Romantic Fantasy

Romantic Fantasy
Lembaran Extra : Qerza Turquoise Cardinal



Qerza, Fiery, dan anak-anak lain merasakan kengerian luar biasa saat Zinn berkata kepada mereka untuk segera pergi dari tempat itu.


"Ayo kita turuti perkataan Yang Mulia Permaisuri," bisik Qerza kepada anak-anak. "Mari ikut aku ke sebelah sini."


Qerza, Fiery, dan anak-anak meninggalkan Zinn dan Frost berdua saja. Walaupun sedikit ragu, Qerza sempat berbalik dan menyaksikan adegan ciuman Zinn dan Frost. Wajahnya langsung merona.

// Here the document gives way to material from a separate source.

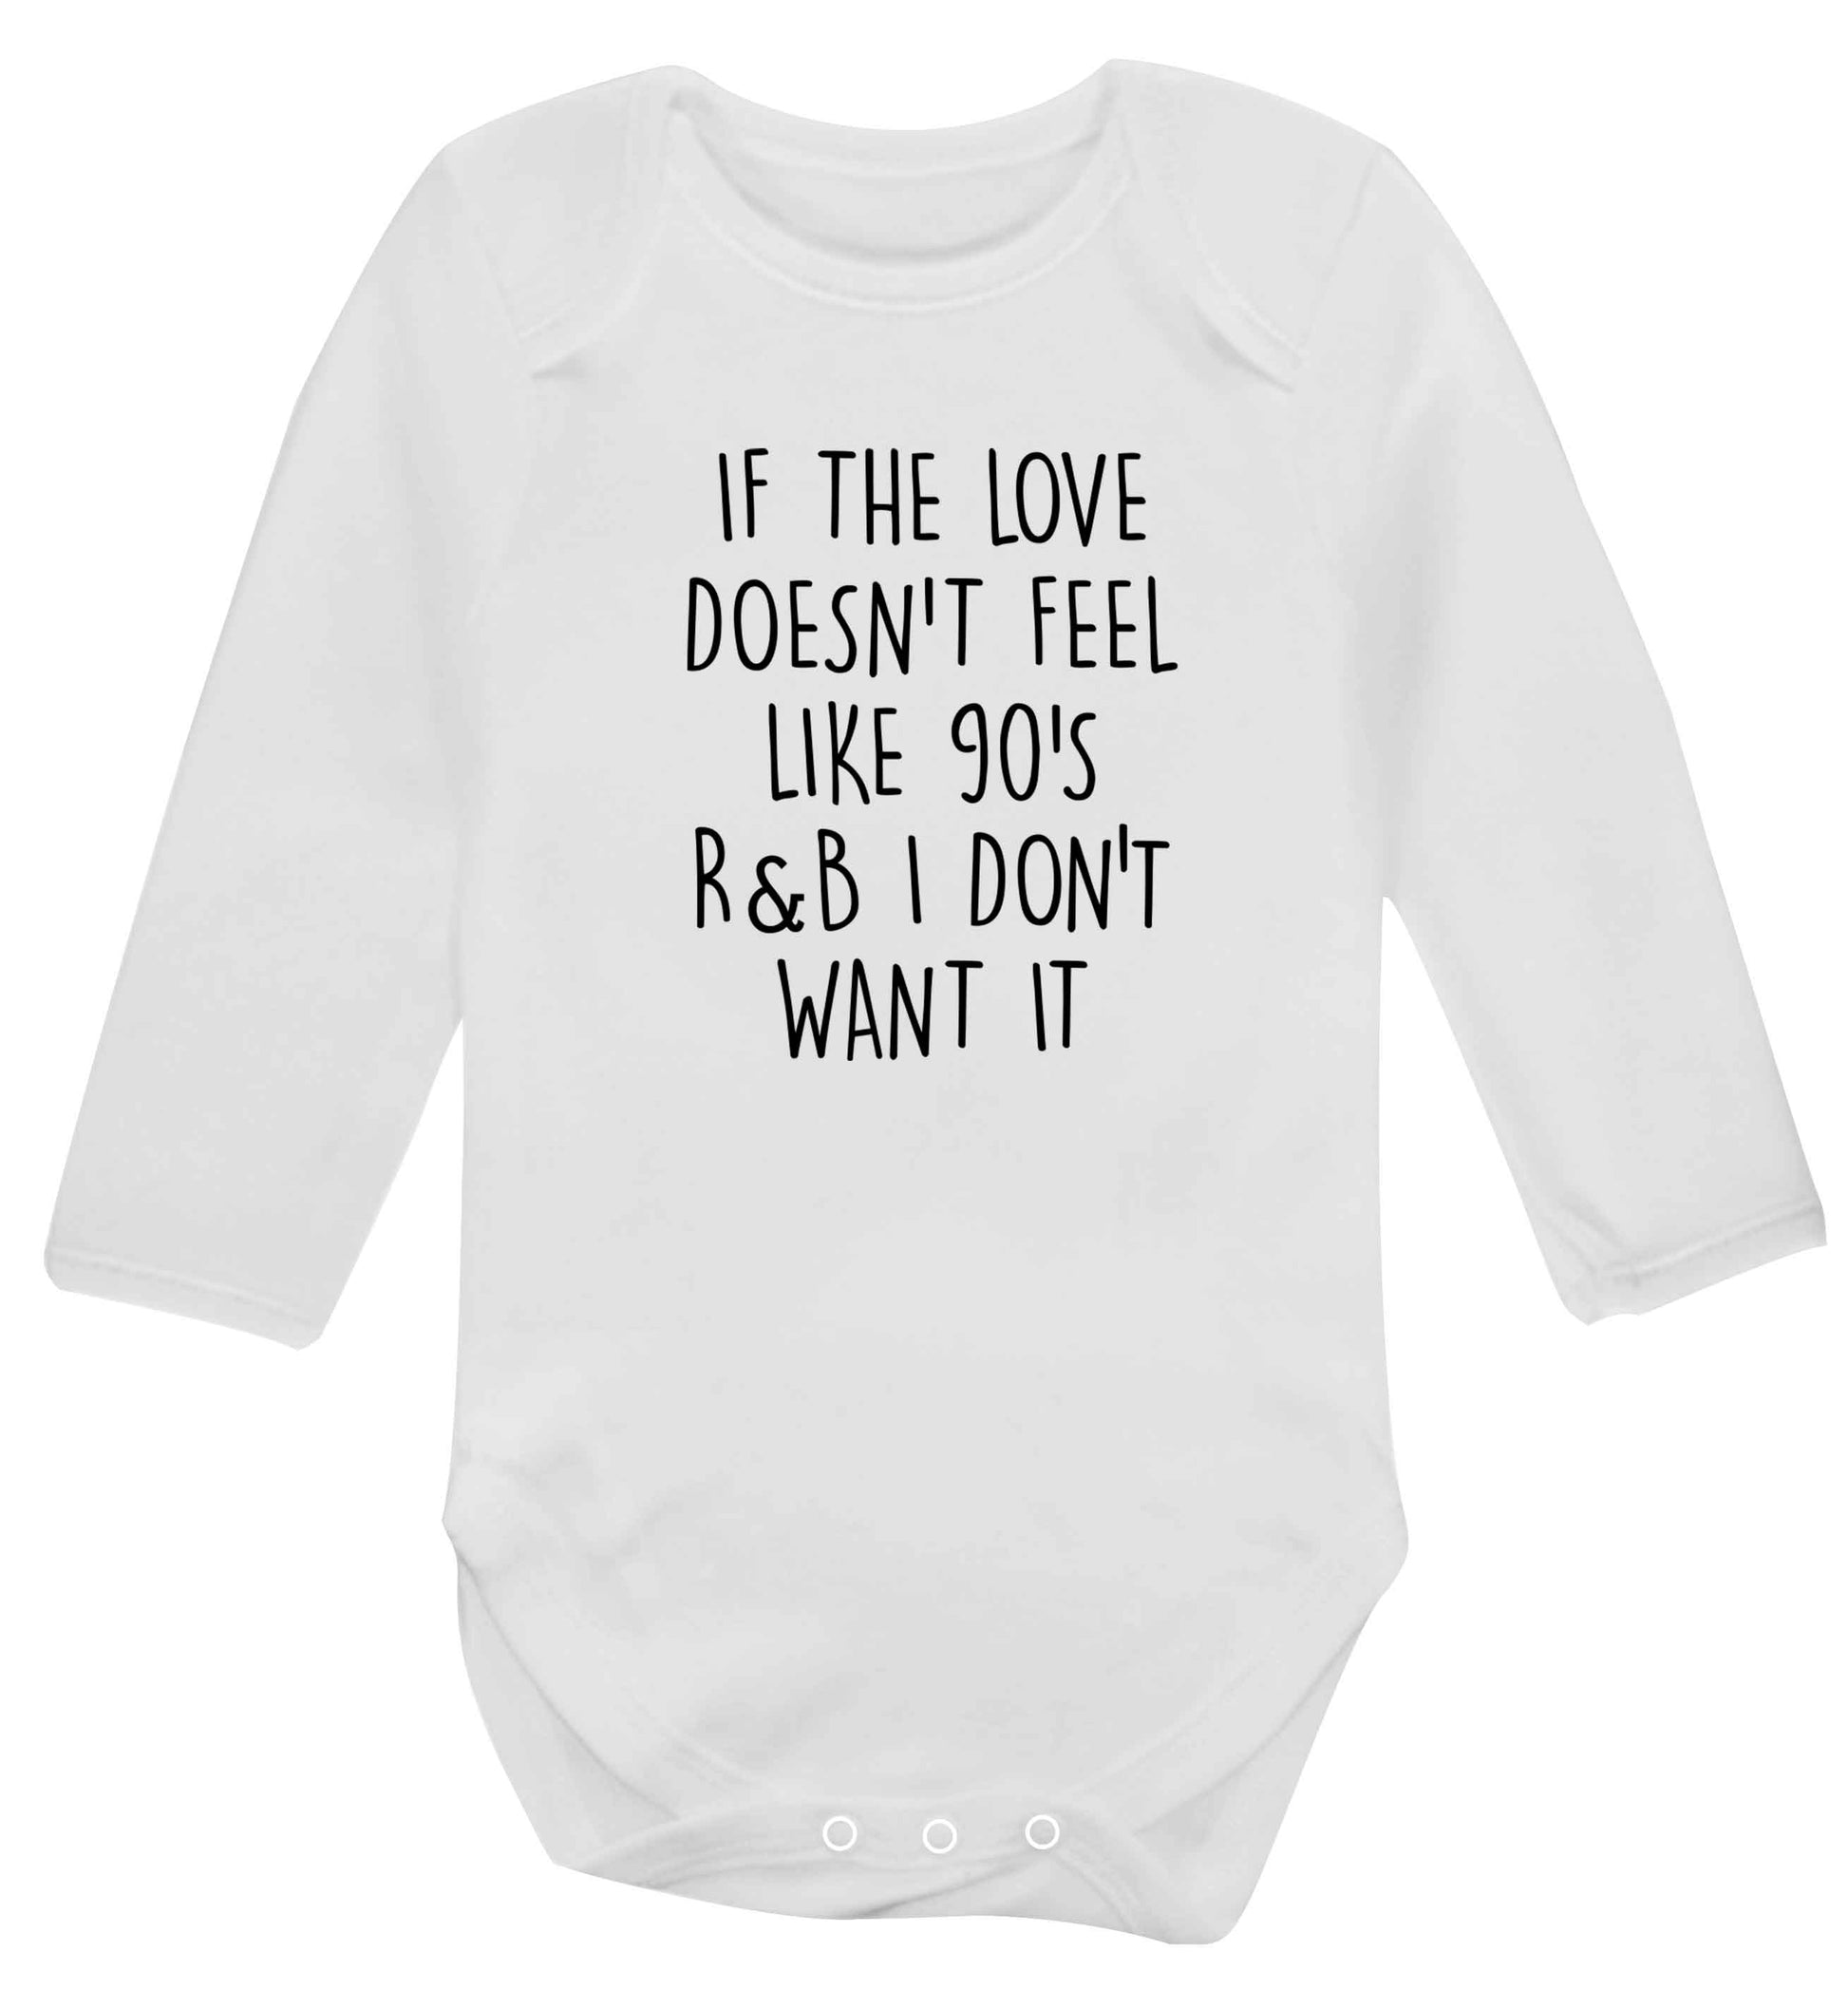 If the love doesn't feel like 90's r&b I don't want it baby vest long sleeved white 6-12 months

Astaga, memang benar orang dewasa. Tidak dimana-mana dan tidak tahu waktu, selalu saja melakukan hal yang mengejutkan! seru Qerza di dalam hati.


Manik mata semerah darah Qerza bersinar dalam remang-remang. "Di sini," katanya sambil mengarahkan jalan.

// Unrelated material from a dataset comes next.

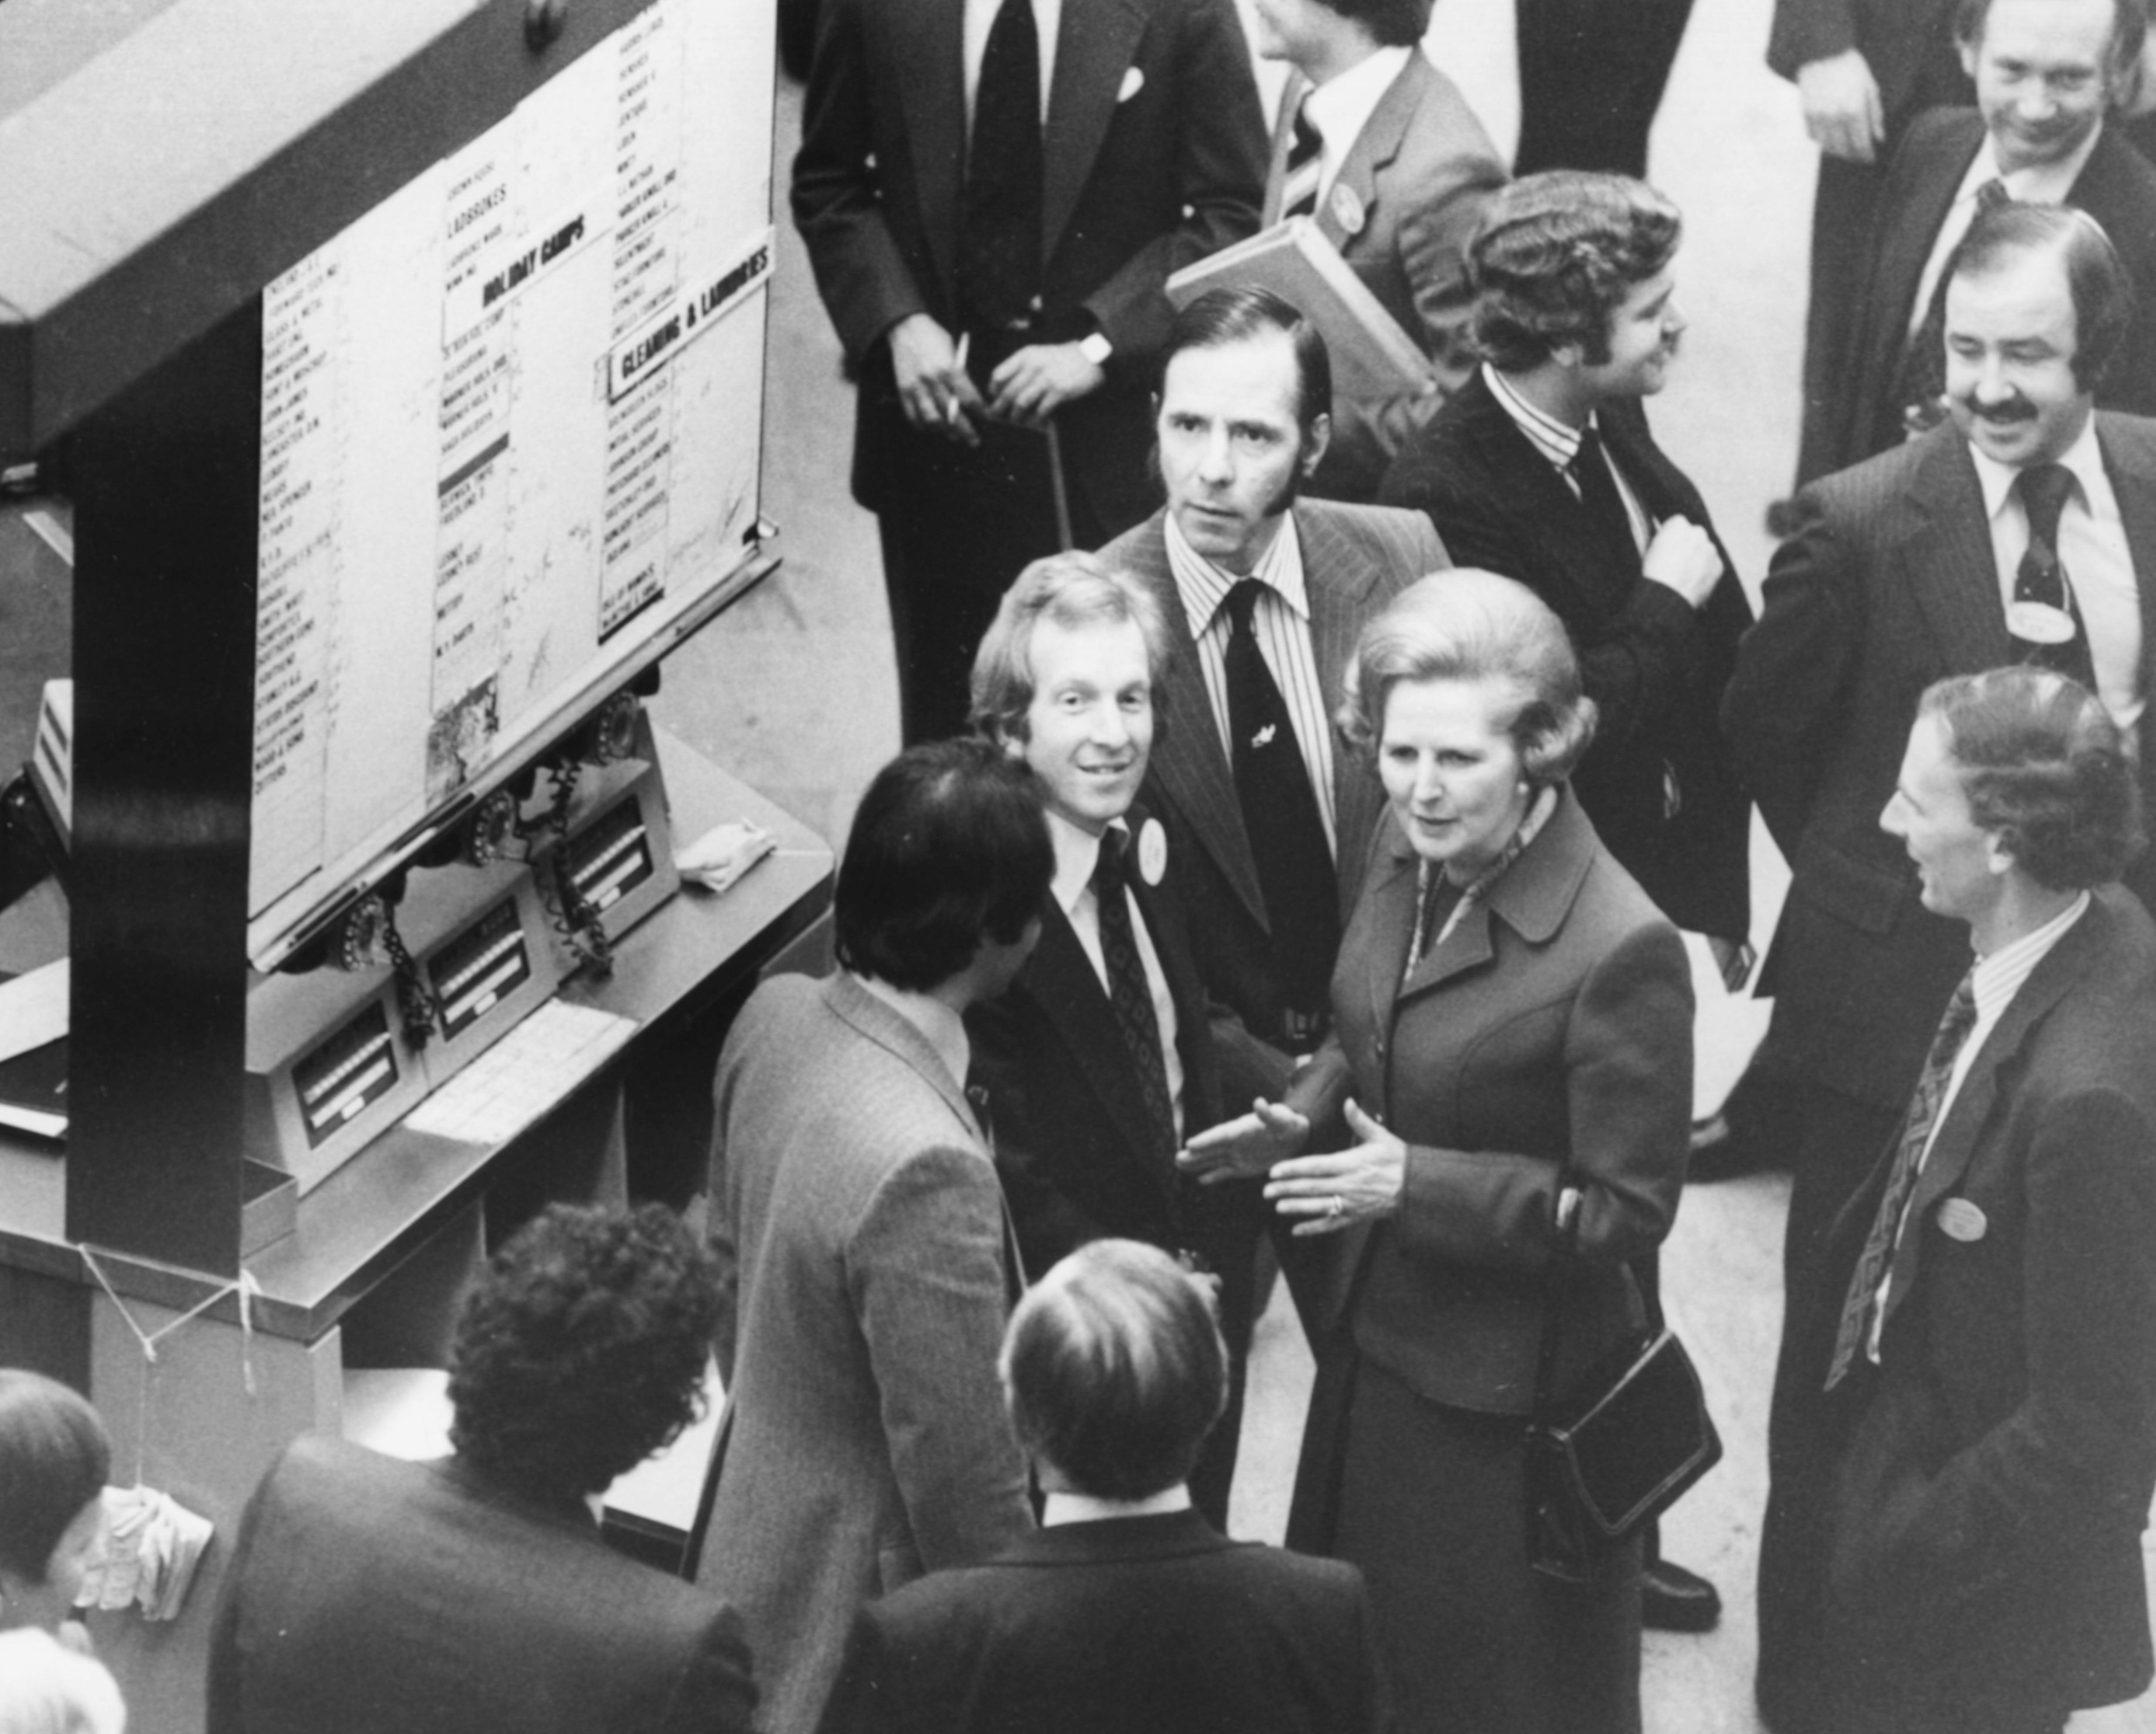 So anxious were Thatcher and her colleagues to dismantle the public sector that they were clearing the debts, writing them off – and flogging the industry cheaply

Qerza tampak lebih mengetahui tentang jalur rahasia itu dibandingkan Fiery, anak Kepala Suku Daffodil itu sendiri. Hal itu dikarenakan Qerza adalah seorang perancang yang ikut andil dalam merancang jalur rahasia.


Sebenarnya, sedari tadi Qerza sudah mencurigai Fiery. Tidak biasanya Fiery menjadi sangat pendiam, apa lagi jika sedang bersama dengannya. Sepengetahuan Qerza, Fiery adalah anak yang ceria, terlebih lagi jika dihadapkan dengan orang-orang cerdas seperti Zinn dan Frost.


Qerza segera menepis pemikiran dan perasaan buruknya. Dia tidak ingin berprasangka buruk kepada Fiery sebelum adanya bukti.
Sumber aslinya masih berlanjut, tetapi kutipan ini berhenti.